In the meanwhile, Reliance Jio cleared all their dues as they were very less as compared to the other players. This was partly due to the fact that Jio was a new entrant and so the impact of the current arrangement was very less. Interestingly, Reliance Jio hinted at saying that the Govt is right and that the telcos should clear all their dues.
The 2nd Review Petition
After depositing the part sums of money with the Govt, the telcos again approached the Supreme Court and asked for a relief. This time, the telcos wanted the Supreme Court to allow them to negotiate and settle the dues directly with the Govt.
The Wrath of the Supreme Court
The Supreme Court rejected the 2nd review petition as well. This time, the judges were extremely disappointed by the behavior of the telcos. The court lashed out at the telcos and highly criticized their behavior.

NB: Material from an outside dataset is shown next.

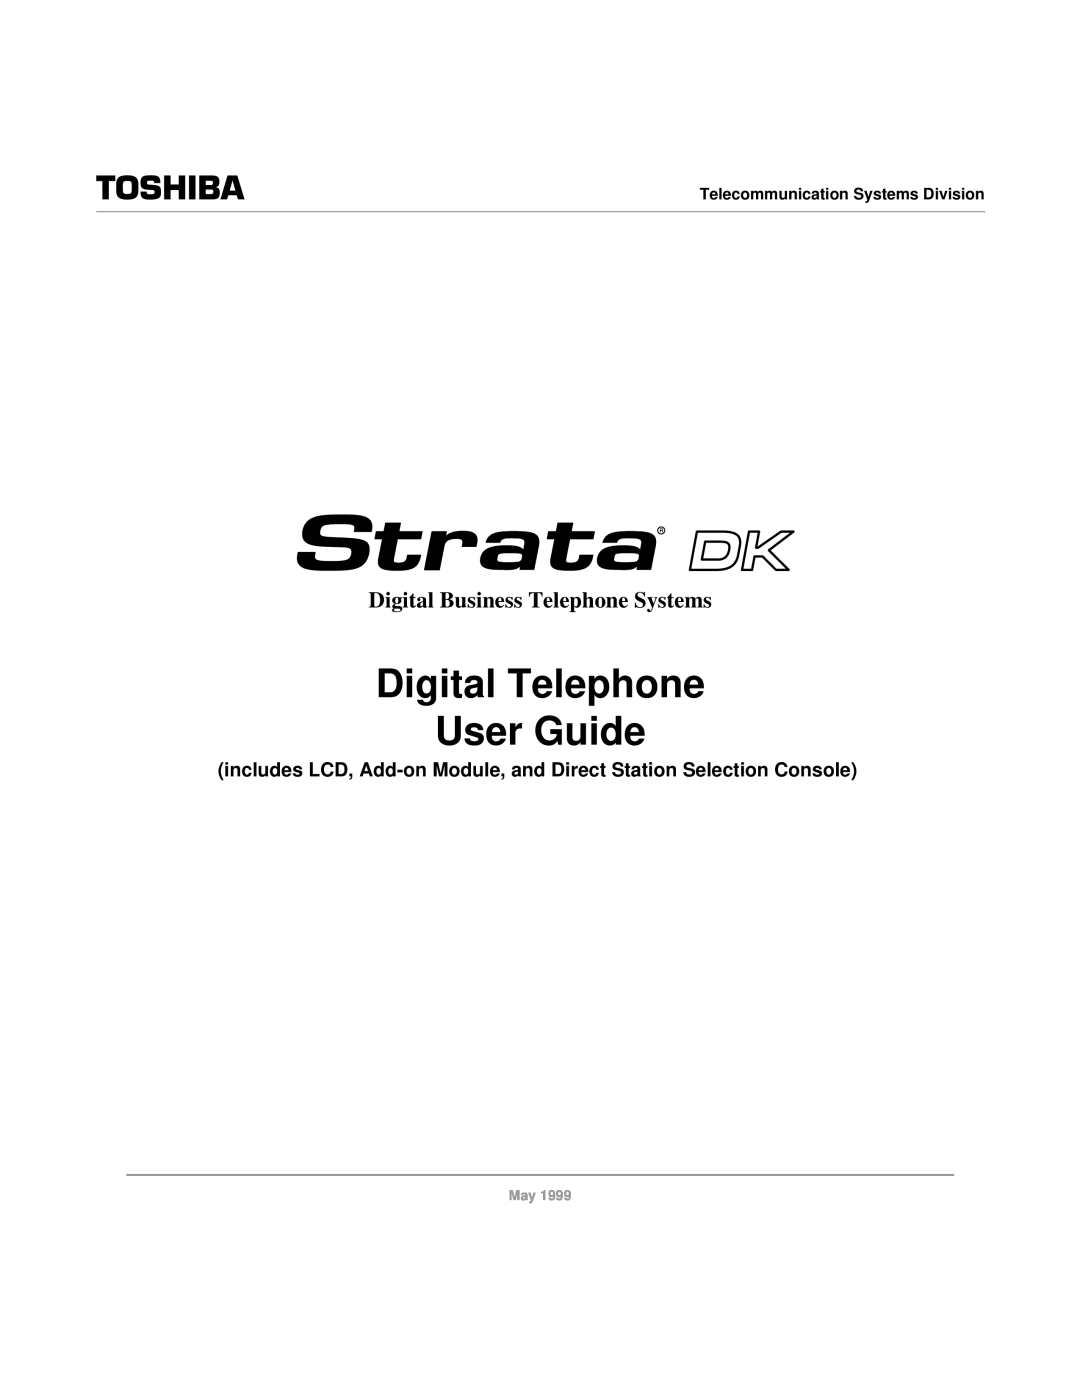 Toshiba CT manual includes LCD, Add-on Module, and Direct Station Selection Console, Digital Telephone User Guide

The Court famously said, “Do the companies think they are more powerful than the court?”. It also went on to say that the Govt (DoT Secretary) will be summoned for allowing the telcos to pay just a portion of the due by a way of self-assessment thereby ignoring the Court’s orders. Going further, the Court said that if the telcos fail to pay all the dues immediately, the top executives at these companies, including the MD & CEO will be sent to jail.
The last hearing during which the Supreme Court gave a final warning to the telcos was on 18-Mar-20. The next hearing was scheduled for 2 weeks later. The hearing now stands deferred due to the nation-wide lockdown imposed on account of the COVID-19 pandemic.

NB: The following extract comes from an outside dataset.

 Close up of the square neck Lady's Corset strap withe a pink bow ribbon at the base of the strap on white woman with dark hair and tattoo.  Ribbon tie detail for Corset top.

It’d be interesting to see what happens next as it’s a matter of survival for Vodafone Idea. Their parent company, Vodafone Group (UK) has taken this up as a serious issue. Their CEO, Mr. Nick Read recently visited India to meet the Finance Minister, Mrs. Nirmala Sitharaman on this issue. They are still evaluating all the options available at their disposal.
The telecom industry is already facing head winds after the entry of Jio in 2016 and the subsequent price wars for data and call charges. For Bharti Airtel, it’s a dual edged sword. If Vodafone Idea fails to pay and shuts down it’s operations it would mean that the telecom industry in India will be ruled by only two players – Airtel and Jio. This will prove beneficial to Airtel in the long term but in the short term they will have to cough up the overdues and take a hit on their balance sheet.
As for Jio, they’re sitting in a comfortable position and are immune to this AGR issue. They continue to expand their telecom empire in India by offering cheap data and locking the users into their digital ecosystem.
This case will also have an impact on how foreign investors look at India. This will send a signal to them in terms of the regulatory stiffness and the law of the land enforcement. Foreign investors and companies may refrain from investing in India in the short term which again, we as an emerging markets cannot afford. With the rupee getting devalued rapidly, we need foreign companies to invest in India but at the same time we cannot let them go haywire and conduct their business above our laws. A healthy balance has to be striken.